The military supply chain responsible for getting vital equipment to British forces on operations in Afghanistan and Libya is at "critical risk of failure", MPs have warned.
The Commons Public Accounts Committee said troops fighting on the front line could be hit by shortages within 30 days if the system broke down.
In a highly critical report, the committee said the Ministry of Defence (MoD) accepted the IT systems used to manage the complex supply chain were "not adequate for the task".
As a result, the risk of failure of these warehouse inventory systems was considered "extremely high" - and was recently rated as "critical" by the MoD's Defence Logistics Board. The report said: "If these systems fail, then the result could be shortages at the front line within as little as 30 days."
The committee said the MoD had spent £75 million upgrading the systems considered to be at the highest risk. However, an £800 million programme to overhaul the entire warehouse inventory management system - known as the Future Logistics Information Services project - will not be complete until 2014.
In the meantime, the committee expressed concern that funding for the programme could be affected by cuts to the defence budget. It said: "We are very concerned that, until the systems are fully rolled out in 2014, the high risk of system failure will remain in systems that are critical to supporting front line troops."
Committee chairwoman Margaret Hodge said: "For 25 years, the department has promised this committee that it would resolve the long-standing problems associated with its supply chain: late deliveries, missed targets and inadequate cost information. Yet these problems persist."

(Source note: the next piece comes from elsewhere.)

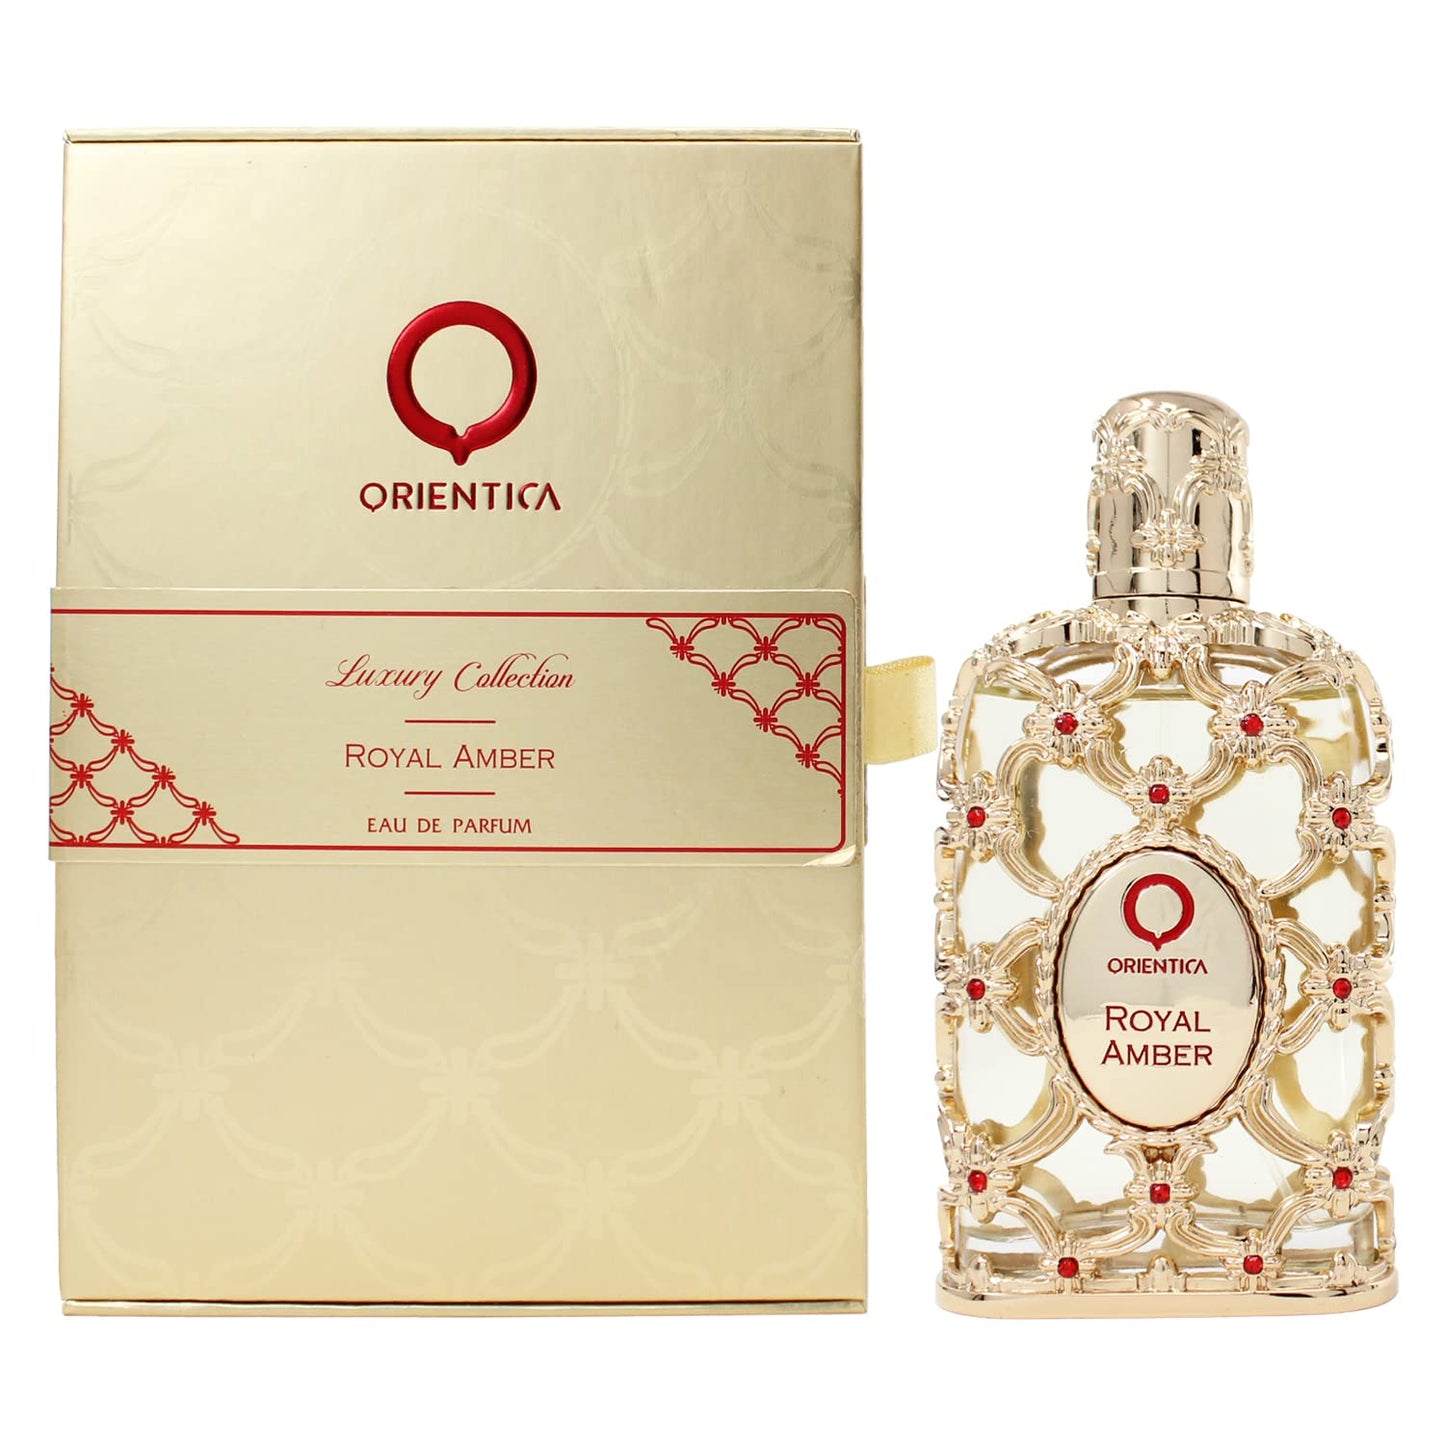 Orientica Luxury Collection Royal Amber Eau de Parfum Unisex 2.7 oz

Defence equipment minister Peter Luff said the Government was investing £800 million in the supply chain to ensure it was "as efficient and cost effective as possible".
"Ensuring our armed forces on the frontline have all they need is a top priority and there are no shortages in Afghanistan," he said.
"The complexity of supplying a conflict zone should not be underestimated and we have successfully kept our troops supplied, overcoming major challenges like the Icelandic ash cloud and disruption to overland supply routes in Afghanistan."